▶ [REQUIRED ACTION] All lines of the entries with "Colors" in them must be listed.

▶ [EXTRACTED MATERIAL]
'''

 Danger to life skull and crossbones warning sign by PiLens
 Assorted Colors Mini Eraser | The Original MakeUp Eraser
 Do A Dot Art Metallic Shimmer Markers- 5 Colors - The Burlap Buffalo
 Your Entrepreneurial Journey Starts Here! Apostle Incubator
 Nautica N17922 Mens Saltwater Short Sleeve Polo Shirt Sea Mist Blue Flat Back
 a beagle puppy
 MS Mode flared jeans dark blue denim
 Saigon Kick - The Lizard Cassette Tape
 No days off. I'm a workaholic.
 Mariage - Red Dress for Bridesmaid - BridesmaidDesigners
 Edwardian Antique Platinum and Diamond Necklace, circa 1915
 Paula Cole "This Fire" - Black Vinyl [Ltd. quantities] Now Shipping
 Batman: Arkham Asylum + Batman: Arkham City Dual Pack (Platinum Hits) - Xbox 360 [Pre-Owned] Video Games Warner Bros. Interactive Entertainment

'''

▶ [WORKED SOLUTION]
 Assorted Colors Mini Eraser | The Original MakeUp Eraser
 Do A Dot Art Metallic Shimmer Markers- 5 Colors - The Burlap Buffalo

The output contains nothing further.